Sufriendo hasta el último minuto, como parece ser tónica habitual en los ultimos tiempos, y de forma épica, con 10 jugadores, por culpa de una infantil expulsión de Negredo (lo de este muchacho no tiene perdón de Dios) un gol de Rodri, chaval de la cantera, in extremis, y de forma expectacular y acrobática en un escorzo imposible, hizo que miles de corazones sevillistas empujaran junto a él con ese gesto de fe hacia lo imposible, el balón al fondo de las mallas de Esteban.
Que sufrimiento madre mia. El Almeria parecía que se jugaba un título o no bajar a segunda. Hermanamiento andaluz? No lo insinuen más por favor, eso aquí es imposible. No nos comparen más con vascos, gallegos o madrileños. Aquí somos diferentes, pa lo bueno y pa lo malo.
Es tanta la envidia que nos tienen en el resto de Andalucia que jamás nadie nos ayudará, más bien al contrario. En vez de sentirse orgullosos de tener un equipo puntero y referente en Andalucia, España y Europa, que quiere ser de todos, nos machacan a las primeras de cambio.
Ojalá el Almeria nunca se juegue nada importante aquí, porque no olvidaremos.
Pero bueno, como dice el sabio refrán de la grada norte, VUESTRA ENVIDIA ES NUESTRO ORGULLO, y a pesar de todo, de una temporada infernal plagada de lesiones, con la plantilla muy mermada de principio a fin, con el cansancio acumulado, con infinidad de partidos jugando con diez, teniendo que remontar muchos partidos, con la prensa machacando a Jimenez un dia si y otro no, a pesar de todo, este Sevilla es tan grande que al final, casi de forma milagrosa, ha conseguido su objetivo y coje una moral impresionnate de cara a una Final de Copa que se hubiera afrontado de una forma muy diferente de haber perdido o empatado en Almeria.

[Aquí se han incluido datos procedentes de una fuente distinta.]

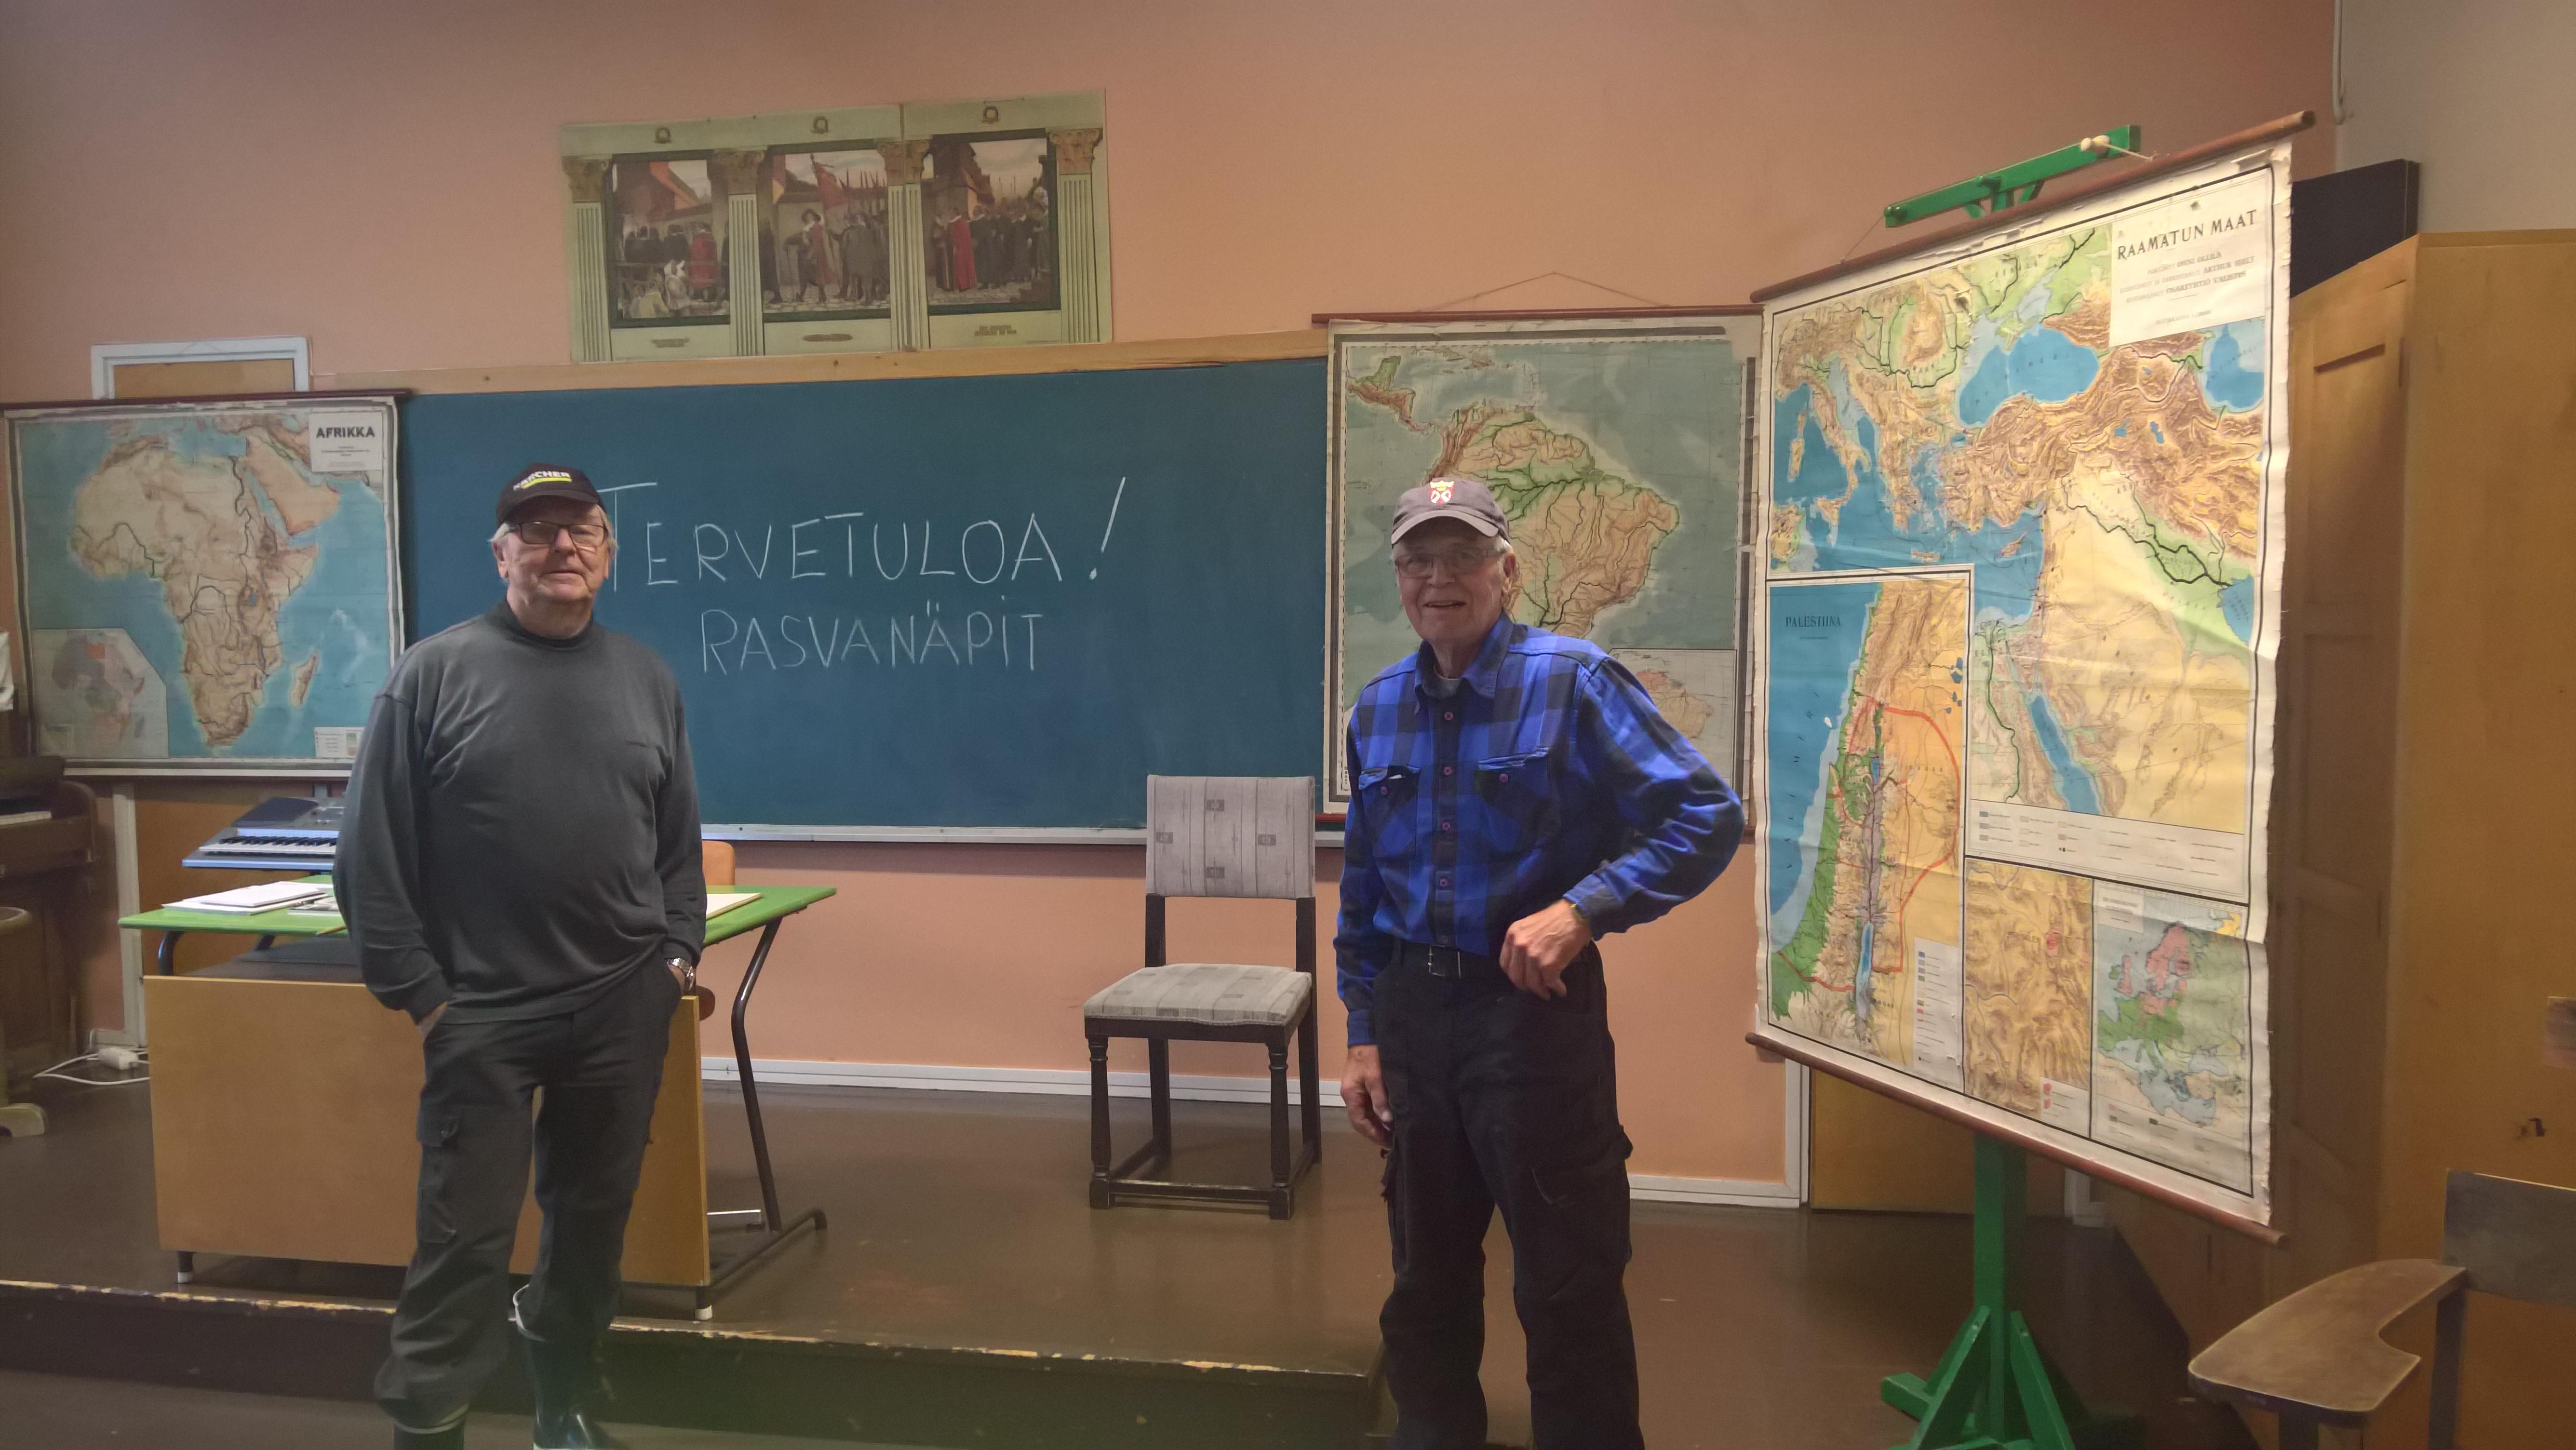 Illan isännät Jarmo ja Pertti Koivunen Haikkaanlahden vanhalla koululla

No me gustó el Sevilla en un dia en el que nos jugabamos tanto. Por mucha prima que llevaran ellos, no se puede permitir que le pusieran mas impetu y ganas que nosotros. Es verdad que el equipo está muy limitado y desgastado a estas alturas en lo físico, pero el Sevilla no puede ni debe encarar así los partidos ante rivales muy inferiores.
Kanouté nos puso por delante con un golazo en el min 16, a pase de un estratosférico Navas, una vez más, cuando el Almeria ya habia avisado varias veces con peligro. Luego empataron ellos al filo del descanso y se llegó al mismo con un 1-1, más que justo. El empate no valía porque el Mallorca tenia su partido muy encarrilado ante el Español y se sabía que sólo iba a valer ganar.
En la segunda parte, volvemos a adelantarnos tras otro jugadón de Navas y otro pase suyo a Negredo, que con la colaboración de Chico, anota el Segundo para el Sevilla. Luego llegó la auto- expulsión de Negredo por reiterados insultos gratuitos al linea (no me explico que se le podía pasar por la cabeza al vallecano con lo que estaba en juego) y el gol del empate del Almeria tras un tirazo lejano de Juanma Ortiz, a diez para el final, que nos dejaba casi muertos. Pero el Sevilla no se rindió, y lo estuvo intentando hasta el final con una casta y un corazón encomiable que tuvo su fruto en el descuento con el golazo de Rodri, que salió faltando un cuarto de hora ante la lesión de Luisfa, que se resintió en el calentamiento, y hizo el gol de su vida hasta el momento. Locura, extasis, emoción, rabia..todos los calificativos que se quieran poner.
Alcanzamos de nuevo la gloria en el último suspiro, como con el gol de Antonio Puerta o Palop, y ahora toca ganar el título que todo el Sevillismo le debe a nuestro Antonio Puerta.
Lo haremos por ti Antonio, y a pesar de todos los imposibles, todas las trabas que se nos pongan en el camino, la copa se vendrá pa sevilla, y le pediremos a Martí que nos mande esa botella gigante de Champán que tenían preparada los del Mallorca, en el cesped de Cornellá en una falta de respeto increible al Sevilla antes de que acabara el partido. Como diría Javier Cabrera...Ea... PO TOMA.